Pfizer is still likely to be the first out of the gate with interim results on efficacy. “I very much hope that Pfizer does their first interim, and it kicks ass. But who knows?” Lowe says. “They also then have a better chance of doing an interim readout and having it not quite come out as strong as they want it, because they’re doing it earlier.” With such small numbers—the first interim analysis will occur after only 32 infections—it may still be unclear how well the vaccine actually protects against disease.

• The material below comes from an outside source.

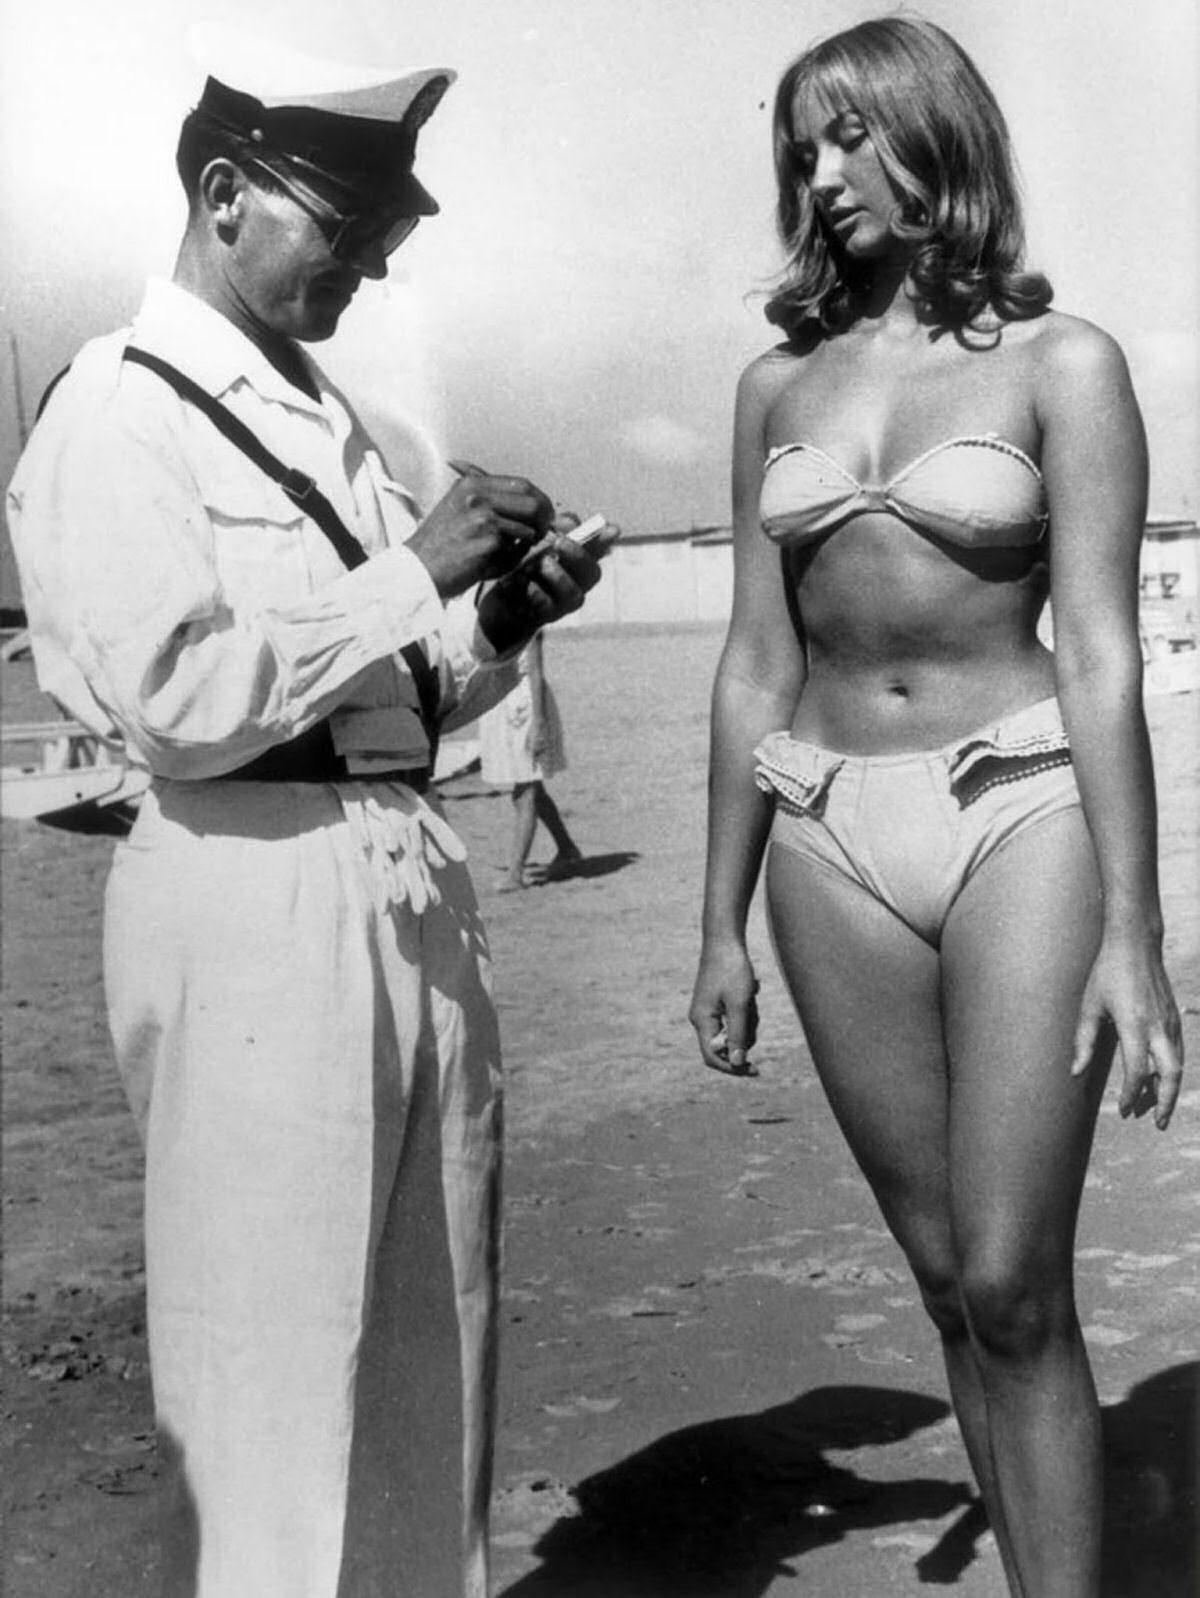 Há exatos 60 anos esta mulher era multada por usar biquíni na praia

If most of the infections are in the placebo group—say 26 out of 32—that would suggest the vaccine is at least 76 percent effective. That’d be pretty good. But scientists have cautioned that a COVID-19 vaccine might be less effective than we’d like, based on how vaccines against respiratory viruses tend to work. The FDA has set a bar of at least 50 percent efficacy for a COVID-19 vaccine. It’ll take longer and more cases for trials to reach a conclusion if vaccine efficacy is on the lower side. So if the first interim results are a little disappointing, that “doesn’t mean this is a failed vaccine,” Lowe says. “We’re just going to keep on rolling.” We’ll have a better idea of efficacy once we’ve seen how the vaccine performs in more people.
Conversely, it shouldn’t come as a shock if some of these vaccine candidates do turn out to be ineffective. The development process from Phase 1 to 2 to 3 has gone very smoothly so far. But, in general, more than 90 percent of drugs and treatments fail, and close to 50 percent of them fail in Phase 3. Lowe says he expects COVID-19 vaccine candidates to do much better because scientists are building on research into MERS and SARS, two related coronaviruses. But the whole point of conducting clinical trials is to find out if a vaccine works, so we shouldn’t expect them all to succeed. With 46 vaccine candidates already in clinical trials around the world, scientists are optimistic that at least some will be effective.